Rigid use of therapeutic ranges neglects the great variation in sensitivity of individual patients to digoxin, or to any drug. Doherty28 has also shown that patients may tolerate quite high serum digoxin concentrations, up to 6.5 ng/ml without toxicity. For example, I have seen a patient with AF who required a serum concentration of 8.0 ng/ml for adequate ventricular rate control, (without toxicity)5, and a colleague has had a patient who required 6.0 ng/ml to obtain the same effect32. This great variation in sensitivity, possibly due to genetic polymorphism in determining the binding constants of digoxin to membrane Na – K ATPase, seems to have been overlooked by many clinicians, who are taught to work within established guidelines, such as therapeutic ranges. Such ranges are usually never explicitly defined, except by eye, and are usually developed by committees who have never seen the particular patient under one's clinical care. Physicians should accept their individual clinical responsibility rather than evade it by blindly following such guidelines. They should look at each individual patient's clinical response, and should decide what serum compartment, or especially, what peripheral compartment target digoxin concentration appears best for each particular patient, according to his/her perceived need for the drug. As shown by Reuning et al4, it is what is in the tissue, on the receptor sites, or on the cell membrane that has both the therapeutic, and probably also, the toxic effects, and not the serum concentration itself.
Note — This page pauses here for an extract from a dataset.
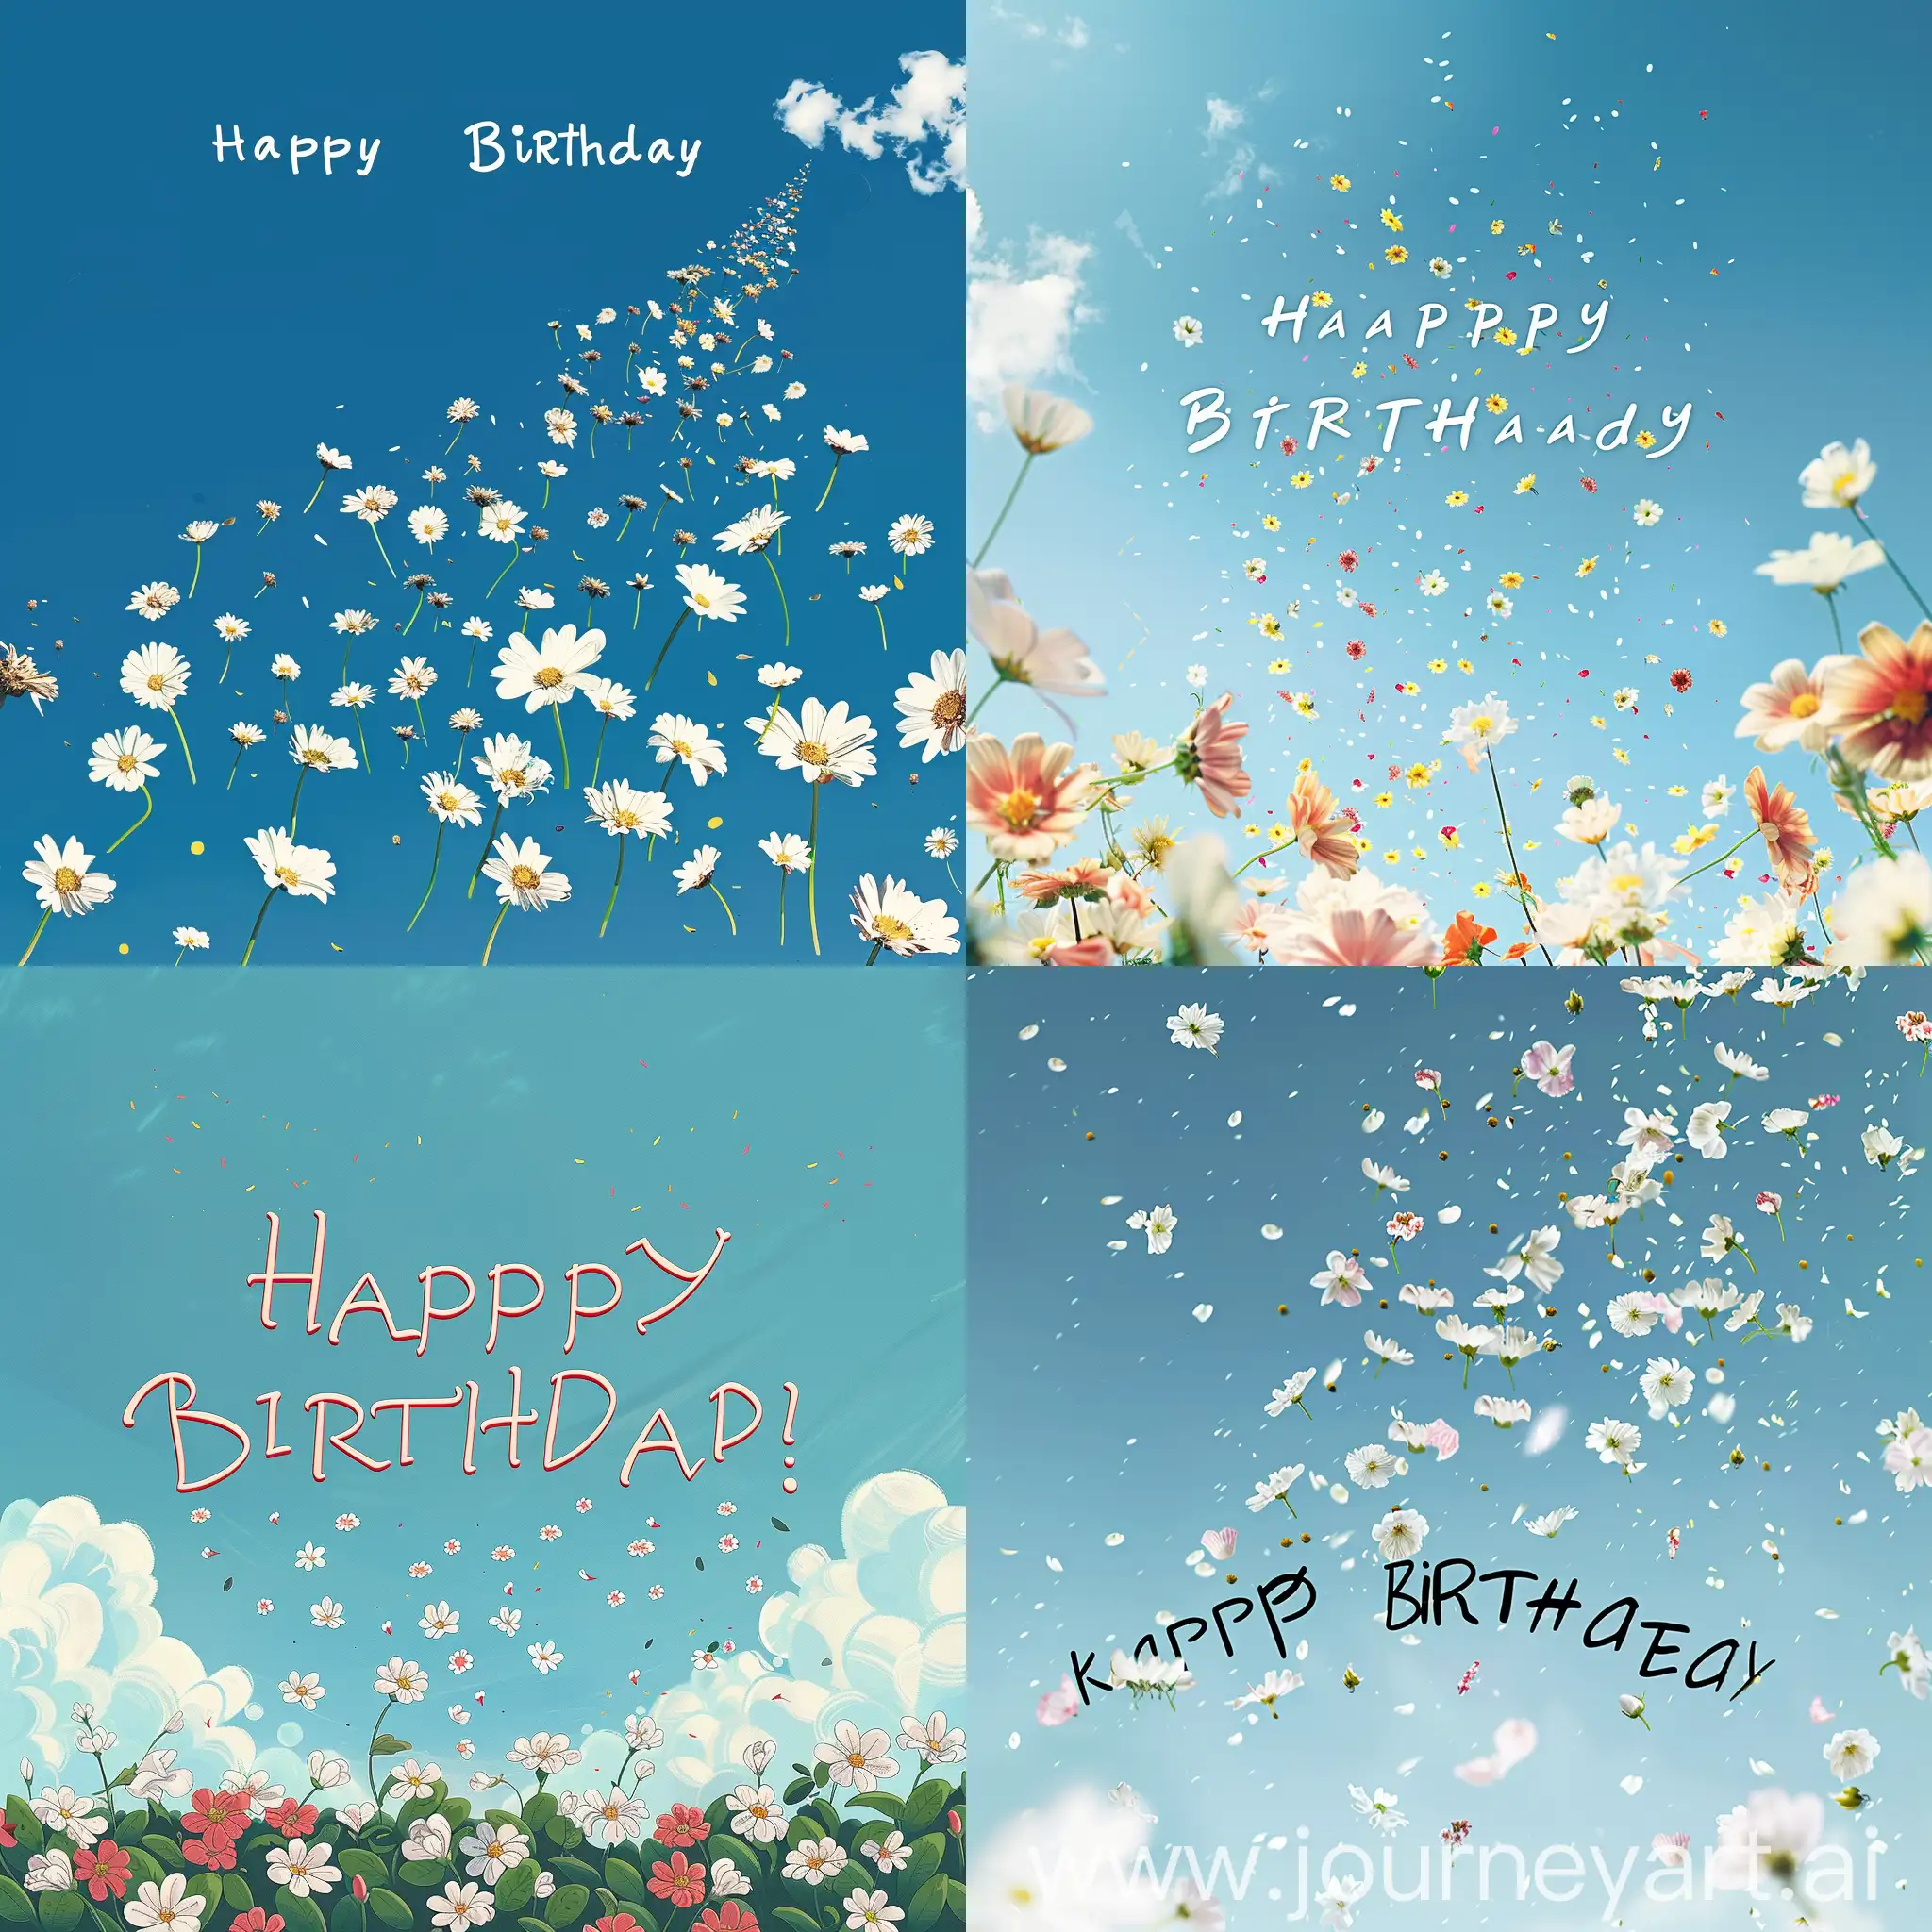 cartão de aniversario com a escrita feliz aniversario malvada com flores caindo do ceu azul
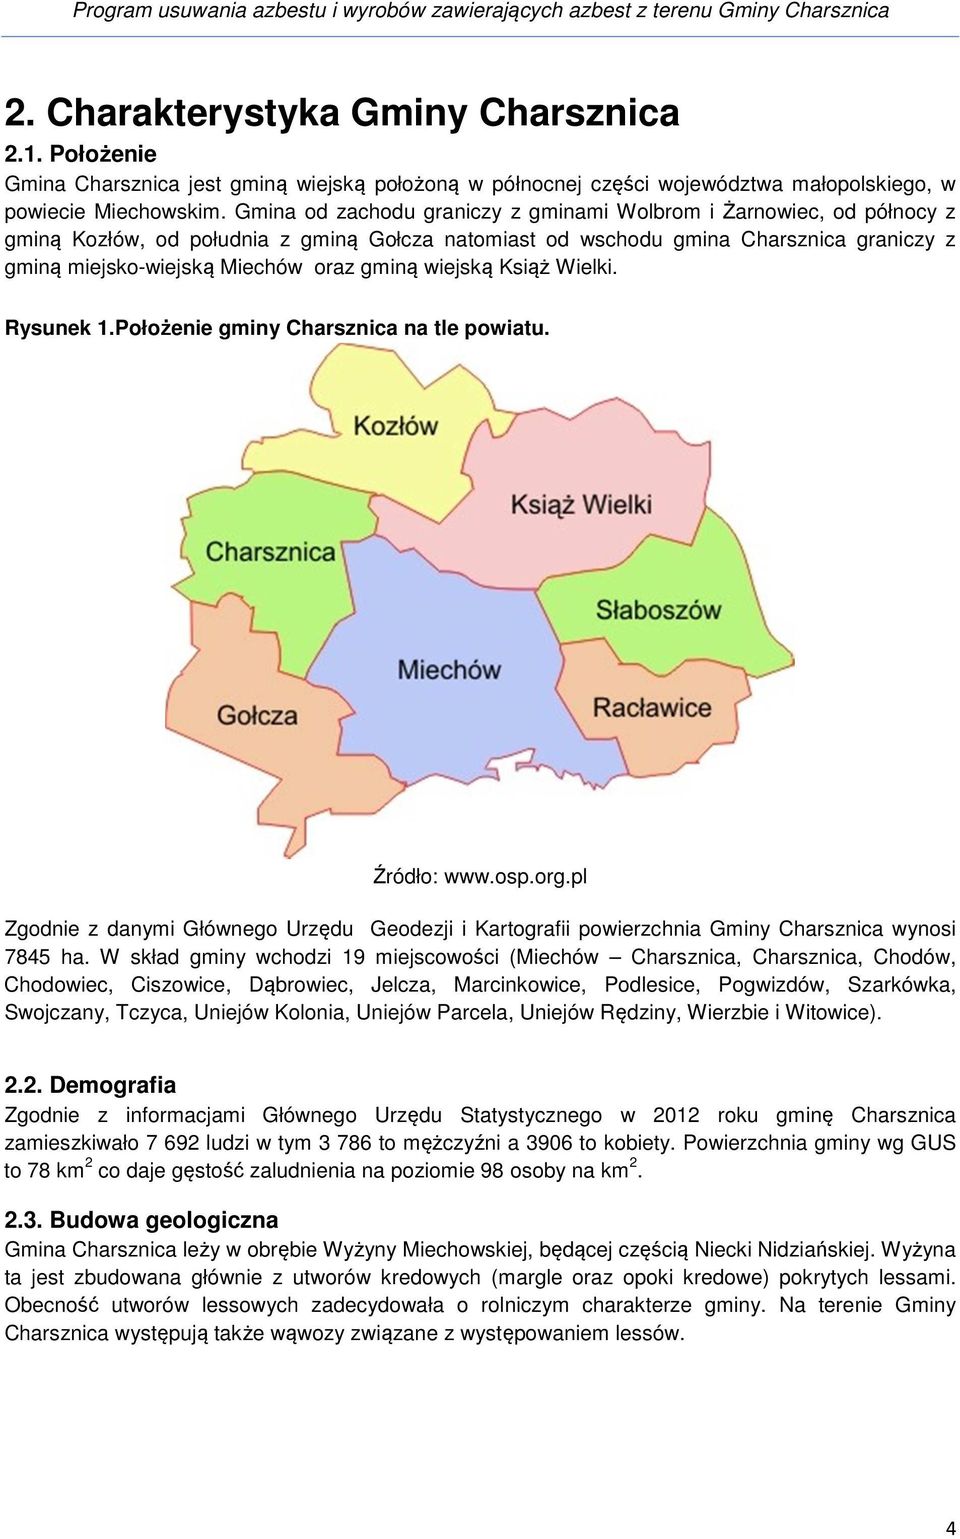 Gmina od zachodu graniczy z gminami Wolbrom i Żarnowiec, od północy z gminą Kozłów, od południa z gminą Gołcza natomiast od wschodu gmina graniczy z gminą miejsko-wiejską Miechów oraz gminą wiejską

Digoxin acts by competing with potassium for binding sites on the cell membrane Na–K ATPase. Inward flow of K is slowed. The cell loses K, gains Na, and through exchange with Na–Ca ATPase, the cell gains Ca. It is the greater availability of Ca that appears to result in the increased inotropic effect of digoxin. In addition, almost all the manifestations of digitalis toxicity are also seen in patients with hypercalcemia from any cause – the anorexia, nausea, vomiting, arrhythmias, delirium, and psychoses. The visual symptoms seen with digoxin toxicity may well be due to retinal cell ectopic activity, where they may fire several times when stimulated rather than only once. The released visual pigment apparently diffuses to surrounding areas and alters the color perception of adjacent retinal cells. In this way, it is my speculation that digitalis compounds may well facilitate the formation of afterimages in the retina, thus causing the many and varied visual symptoms.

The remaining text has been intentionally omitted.